Gen. Skrzypczak: Liczyliśmy na przełamanie, ale rosyjska obrona stężała

Gen. Skrzypczak: Liczyliśmy na przełamanie, ale rosyjska obrona stężała

Dodano: 
Generał Waldemar Skrzypczak
Generał Waldemar Skrzypczak Źródło:PAP / Rafał Guz
Kontrofensywa Ukrainy nie była na tyle silna, żeby rozbić obronę rosyjską – mówi generał Waldemar Skrzypczak.

We wrześniu na kierunkach chersońskim i charkowskim rozpoczęła się ofensywa armii ukraińskiej. W wielu miejscach w obwodzie charkowskim linie armii rosyjskiej zostały przełamane, a tamtejsi żołnierze zmuszeni do odwrotu. Obecnie kontruderzenie wyhamowało.

Skrzypczak: Kontrofensywa osłabła

O ocenę dotychczasowego przebiegu ukraińskiej ofensywy został zapytany na antenie Radia WNET generał Waldemar Skrzypczak, były dowódca Wojsk Lądowych.

W ocenie generała, słabością działań Ukrainy jest ich rozproszenie. – Nie było takiego silnego uderzenia Ukraińców, które rozbiłoby i pogoniło armię rosyjską. (…) By przełamać obronę rosyjską, Ukraińcy muszą uderzyć pięścią, a nie palcami – powiedział Skrzypczak.

– Rosjanie organizują obronę na rzekach, na dogodnych rubieżach terenowych. Ukraińcy szukają kierunków na których mogą rozwijać uderzenie, przełamywać ich obronę, ale rosyjska obrona bardzo mocno stężała. W tej chwili na kierunku północnym nie ma żadnego powodzenia. Żadna ze stron nie prowadzi w tej chwili działań, które mogłyby doprowadzić do przełomu – tłumaczył wojskowy.

Generał: Zachód musi pomóc Ukrainie przetrwać zimę

Pytany o to, jakie ruchy teraz powinny teraz wykonać siły ukraińskie, odpowiedział, że jeżeli Ukraińcy dążą do rozstrzygnięcia jeszcze w tym roku, to powinni dokonać na jednym z wybranych kierunków mocne uderzenie, tak żeby przełamać obronę i wprowadzić chaos w szeregi rosyjskiej armii. – To jest osiągalne – ocenił.
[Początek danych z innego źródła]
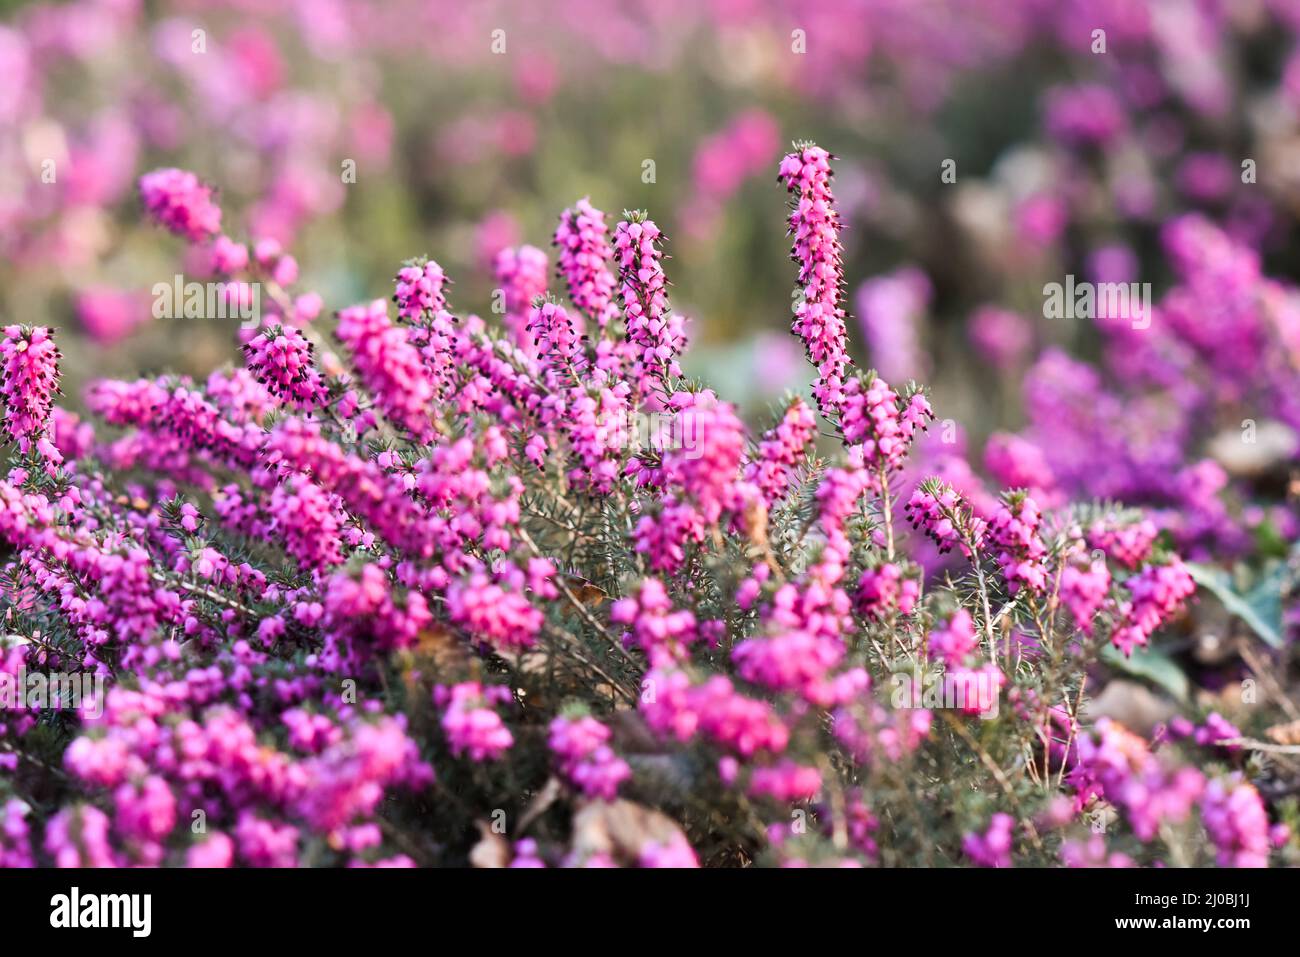 Ericaceae flower blooming in spring in the garden. Stock Photo

– Jeżeli chodzi zaś o obronę infrastruktury krytycznej, mam nadzieję, że dzięki docieraniu na Ukrainę systemów obrony przeciwlotniczej (…) infrastruktura ta będzie skuteczniej chroniona. Bo jeżeli Rosjanom uda się zdewastować infrastrukturę krytyczną, to zimą dojdzie do katastrofy humanitarnej. Dlatego Zachód powinien pomagać Ukrainie w wszelki możliwy sposób, aby Ukraińcom pomóc przetrwać warunki zimowe, nawet jeśli nie będą czynne ich elektrociepłownie – powiedział gen. Skrzypczak.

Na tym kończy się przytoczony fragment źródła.